Articles

We Only Play Offense

Written by Chris Harper | Feb 3, 2025 12:33:20 PM

My simple definition of manhood: Manhood is the collapse of childish narcissism as the boy learns to love God and others more than himself.

Thirty-five years ago, anthropologist David D. Gilmore published Manhood in the Making: Cultural Concepts of Masculinity, a cross-cultural study of manliness around the world. He found that almost all societies throughout history had a concept of 'real' or 'true' manhood, which was held in esteem as a valuable and indispensable ideal.

Men as valuable and indispensable.

Every day, I thank God for making me a man. I tell Him, "I love being a man." My manhood is valuable and indispensable.

In all of the cultures Gilmore studied, manhood had to be earned and proved. Hence the old saying, "We are born boys, but we become men."

How did one prove his manhood? Three universal characteristics: provide for others, protect others, and procreate [make others].

Manhood was exemplified by being other-focused.

In our modern moment, however, all three characteristics are less celebrated and, for most young men, they are out of reach. Noah Smith observes, "15 years ago, the internet was an escape from the real world. Now, the real world is an escape from the internet." Today, young men disappear into online forums, they waste their best years playing video games, and they settle for contrived sex and intimacy through pornography and AI relationships. They have no one to provide for, no one to protect, and no one to make love to... They have lost the idea of manhood, and their loneliness and despair suggest how painful this loss has been.

Brothers, we must change the trajectory for the next generation of men. This change must come from the bottom up—from everyday men who notice the hopelessness plaguing the next generation of men and do something about it. And I own this. 90% of this, if not 95%, is on me—it is on us older men. We have left a generation(s) of men to figure it out on their own. We gave them a weight and responsibility that we never trained them to carry.

The problem has long warranted investment and attention. And I have not invested enough, nor am I attentive enough. I own that. A critical feature of Gilmore's findings was that boys must be ushered into manhood and masculinity by other [older] men. This is the missing link today.

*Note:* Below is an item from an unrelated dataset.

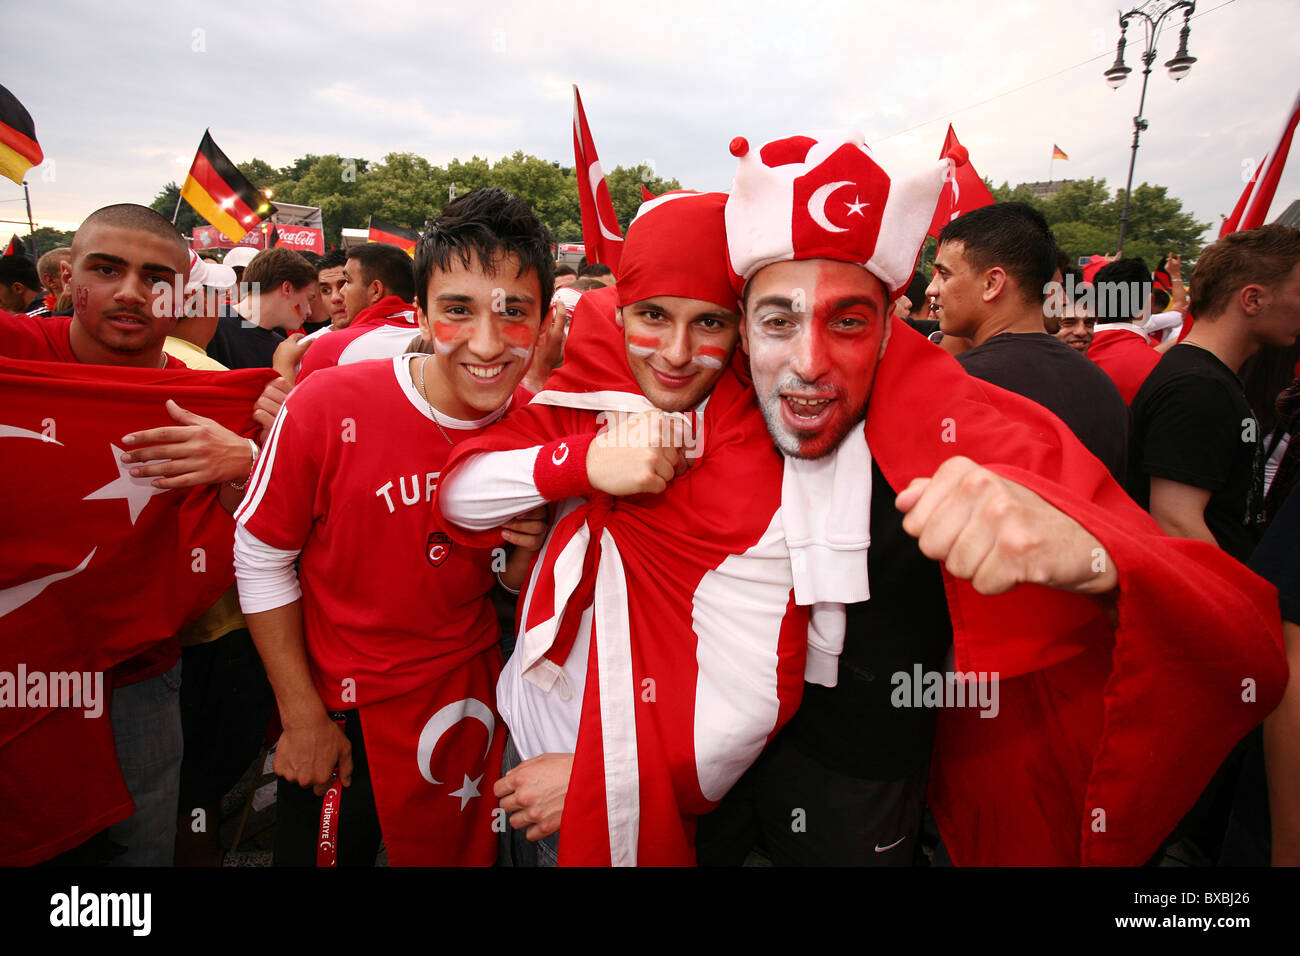 Football fans during the semi final match between Germany and Turkey, Berlin, Germany Stock Photo

Biological fathers. Spiritual fathers. Fathers wanted. Fathers needed.

Think about this... If you grow up in a single-parent household, attend a typical public school, get typical medical attention, and attend a typical evangelical church, there's a good chance you will not encounter a male figure of authority until middle school or later. Not your doctor, not your teachers. No one else around you. How do you think that affects a young man?

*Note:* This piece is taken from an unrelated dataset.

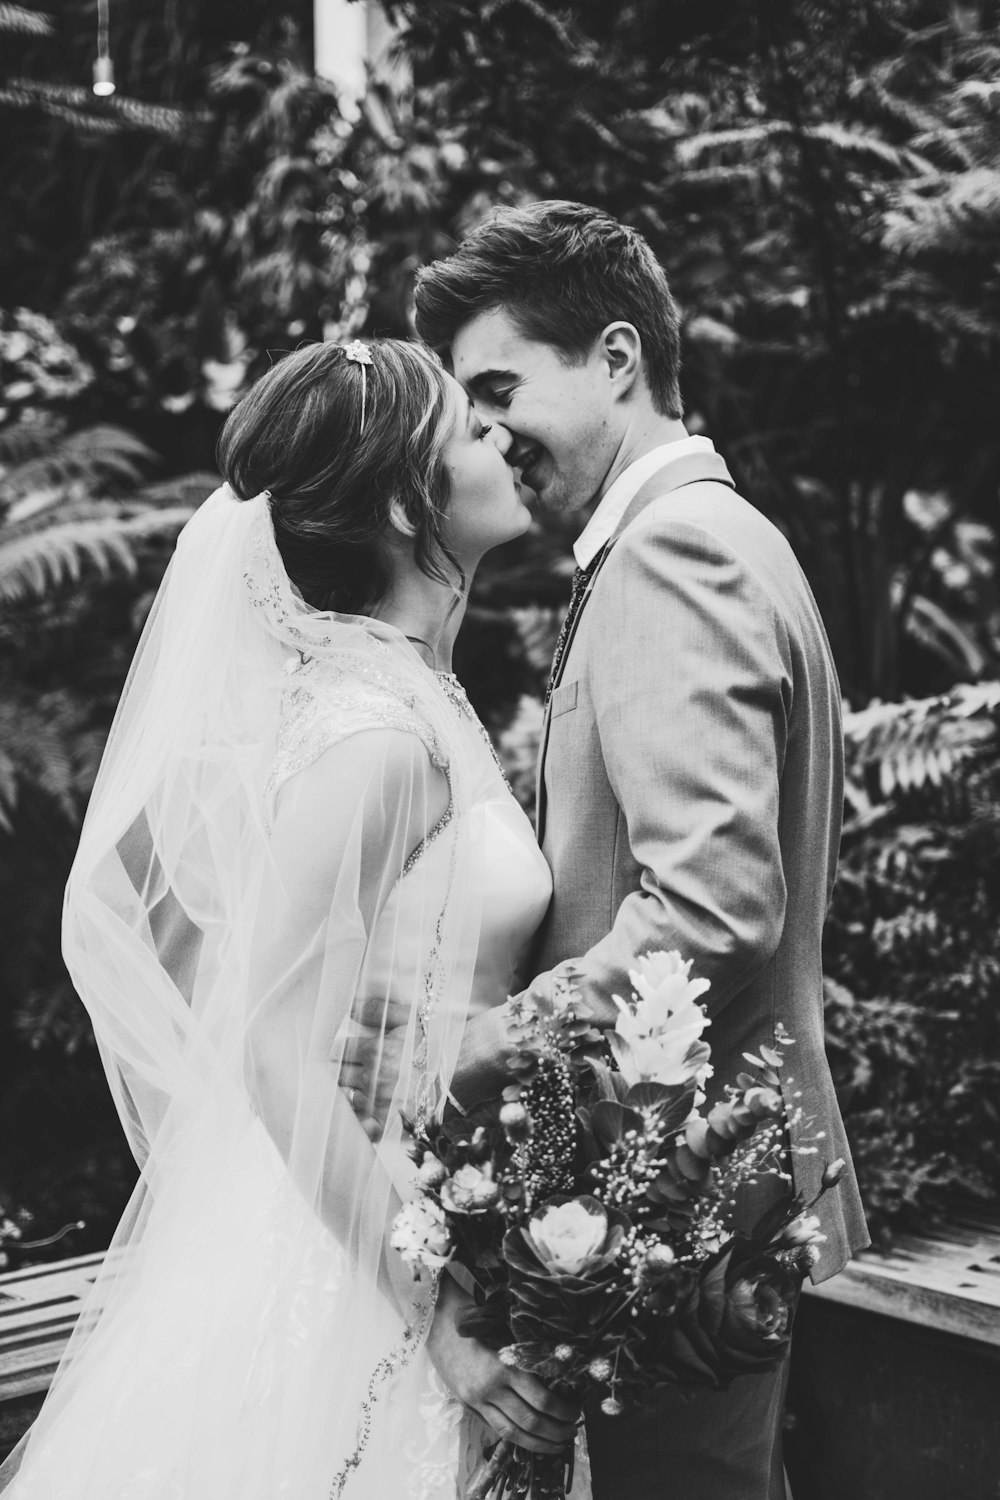 grayscale photo of couples kissing and wearing wedding dress

Boys need men in order to thrive.

Brothers, it starts with us. Manhood is the collapse of childish narcissism as the boy learns to love God and others more than himself. Let's teach the next generation how to provide. How to protect. How to build a legacy and lineage far surpassing their time on earth. Let's teach young men to love God and others more than themselves.

Building strong boys is easier than repairing broken men.

No more defense. As my friend Barry says, "We only play offense."